Tom: need codes + structure: numbness and location??
... dryweight vs weight with type 'dry'
... try and define a single data storage model

eric: can all the groups decide one one clinical model standard in reasonable time, or should we be willing to work with multiple standards and mappings between them?

<ericP> writing it three ways: [ a :BunchOfBodyMeasurements ; :weight [ a :DryWeight ; :massValue "70"^^kg ] ; :weight "70"^^:dryKg ] ; :dryWeight "70"^^si:kg ]
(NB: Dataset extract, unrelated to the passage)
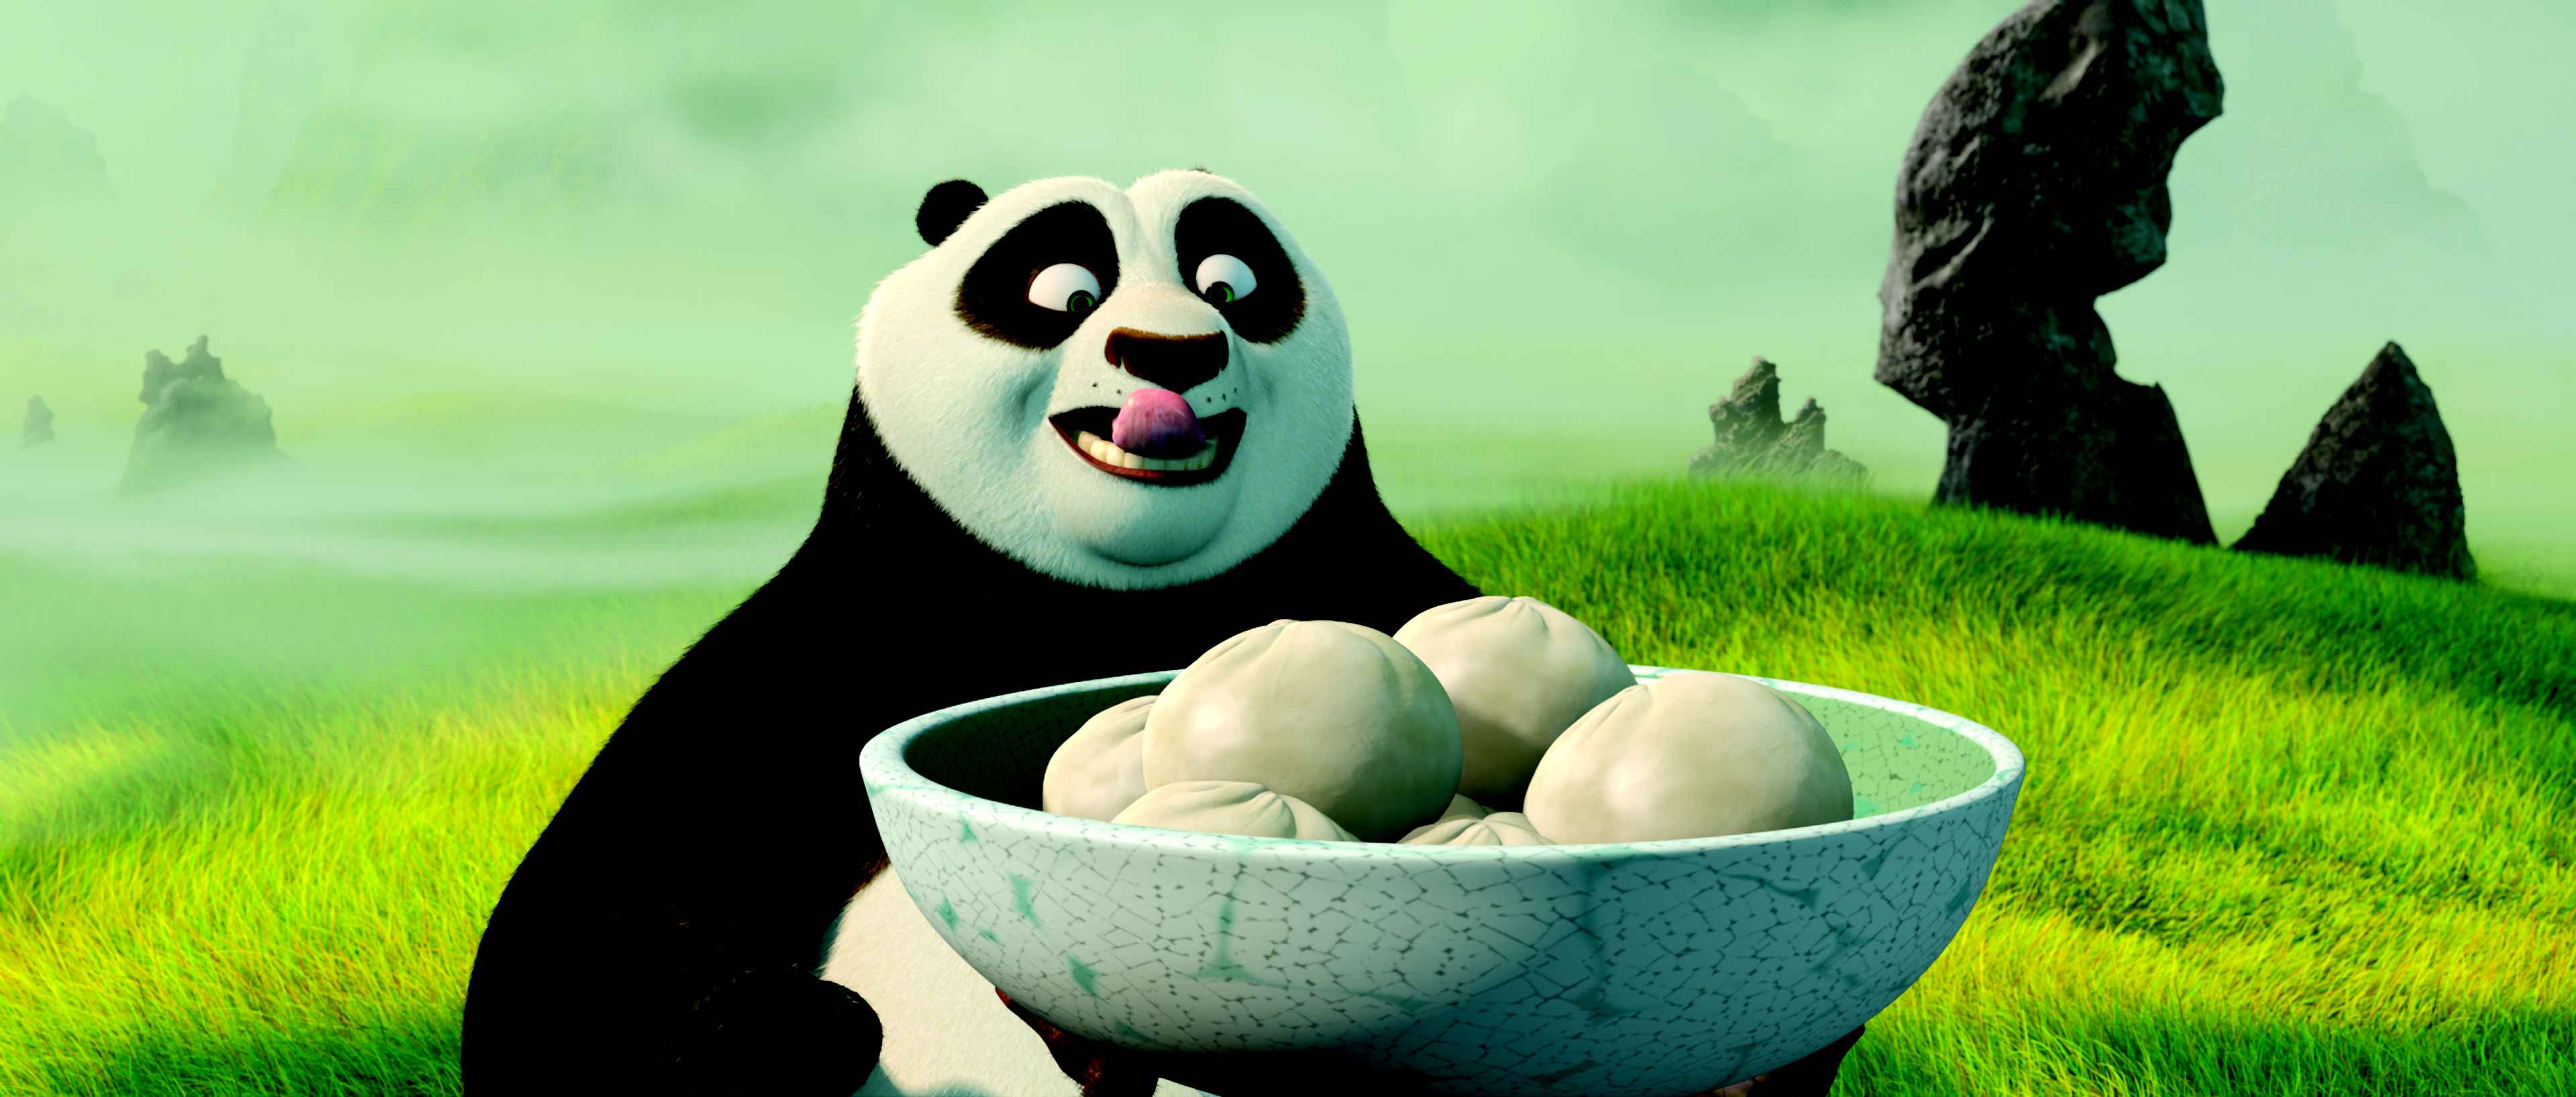 365064 descargar imagen po (kung fu panda), películas, kung fu panda 3, kung fu panda: fondos de pantalla y protectores de pantalla gratis

Tom: pre-coordinated single-name way of defining things (snomed style?), vs combinations of codes and values
... UI and how the data is actually stored; hiding the various levels from the user
... coded domains: measurements verses coded assrertions: when to use one or the other
... things we seek: explicit model for CEM
... single way to store and access data elements
... interlingua for sharing modelled data between institutions
... extensibility
... apps the address data generally, i.e., new kinds of data
... Status: partnering with GE healthcare, with func requirement sheet
... would like to discuss creating the needed models
... no data stored yet against these models

Ronen: how does the DCM relate to OpenEHR?

Tom: there is probably a lot of potential mappings
... HL7 RIM templates are another example

<ericP> i'm curious to learn how vipul's models differed consistently from HL7

Chimezie presentation

Chimezie: focus mainly on demo, but some background: SemanticDB is a CV registry for doing outcome research
... to provide knowledge for decision support systems
... more emphasis on longitudinal (life long) content, not just clinical records; how to avoid changing DB schemas each time?
... provide a more flexible system built on XML and SW technologies
... problems: fragmeted data; inflexible to extend; idiosyncratic terms; overlapping content so queries are difficult
... director gave CC a mandate: use better models for data handling; what is the next set of technologies?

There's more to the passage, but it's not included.